GOP seeks to build pressure on Biden
The speaker’s position ignores the fact that most Republicans had no problem raising the debt limit with no conditions when Trump was in the White House. It also doesn’t take into account the fact that the debt ceiling needs to be raised to pay for obligations already authorized by Congress — including under Republican presidents.
But if he is able to pass a bill, he could in theory build political pressure and increase jitters among some Democrats who fear the consequences of Biden being portrayed as the recalcitrant figure in the showdown — even if, at this point, the White House feels he has the moral high ground. The first signs emerged late last week of some skittishness among a few Democrats about a showdown that appears to be heading for a dangerous cliff edge.
Much will depend on how the president is able to frame the narrative around the standoff. The reality is that Democrats’ loss of the House last fall leaves the White House no choice but to negotiate with Republicans on spending and means Biden no longer has the freedom of being able to effectively dictate terms on the budget.
But at the same time, he wants to protect what he has already achieved — for instance, green energy legislation that was critical to establishing the US global role in fighting global warming. And if Republicans are able to use the debt ceiling to secure huge concessions, Biden will have cooperated in establishing a ruinous precedent. The GOP would no doubt seek to use exactly the same weapon to destroy his domestic agenda next year in the run-up to the election. And the prospect of endless brinkmanship over raising borrowing limits would severely damage the economy’s reputation as a financial haven and the stellar US credit rating.
A complicated political conundrum
The problem, however, is how the White House explains its stance to the public. Democrats are portraying McCarthy and the GOP conference as a radical tool of Trump’s “Make America Great Again” movement, which is willing to burn the country down for political gain. They are also sticking to the position that Biden is happy to talk spending with Republicans but only in relation to the budget process that controls future spending and not in relation to the debt ceiling, which needs to be raised to pay for existing obligations. This is a complicated distinction, however, that McCarthy is doing his best to blur even as leading Democrats hammered out the party line on Sunday.
“Let me put an idea out there. The proposal that McCarthy has put forward, that belongs in the budget,” Minnesota Democratic Sen. Amy Klobuchar said on CNN’s “State of the Union.”
“Our main goal right now is to make clear that we are going to avoid default. The last time when this was in the air, we literally went down in our credit rating back in 2011. What we will see, the repercussions of this are huge, if you go forward as McCarthy wants.”
Senate Majority Whip Dick Durbin also stressed that Biden was willing to talk — but only on the budget and not the debt ceiling.
“If we default on our national debt, it’s going to cost our economy dearly. We’re going to find businesses unable to proceed and people losing their jobs right and left. That is a terrible outcome. So let’s do the responsible thing and not default, move forward on the debt ceiling,” the Illinois Democrat said on NBC’s “Meet the Press.”

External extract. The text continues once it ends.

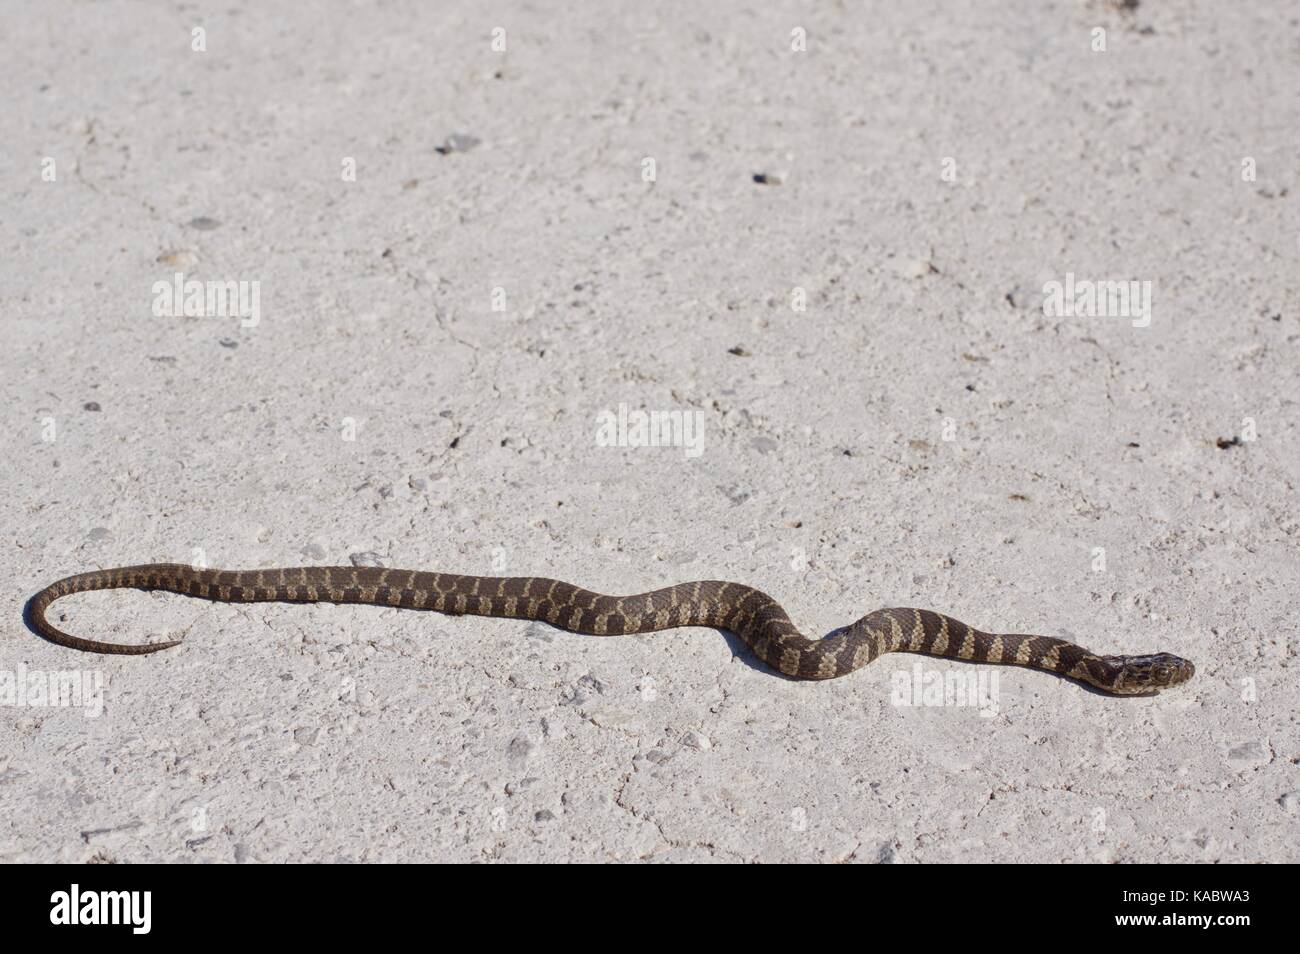 A young Common Watersnake (Nerodia sipedon sipedon) stretched out on a gravel road at Squaw Creek National Wildlife Refuge, Missouri, USA Stock Photo

Durbin, like almost everyone on the Democratic and Republican sides, repeatedly stressed the danger of default. But at this point, it’s unclear how such a disastrous outcome can be avoided.
At the very least, it will take deft political management from both Biden and McCarthy — and would require trust between the two most powerful people in Washington that doesn’t seem to exist. The capital’s polarization and the political pressures on each man also make it hard to see room for a compromise that would satisfy both sides. And the crisis keeps on building, relentlessly, every day.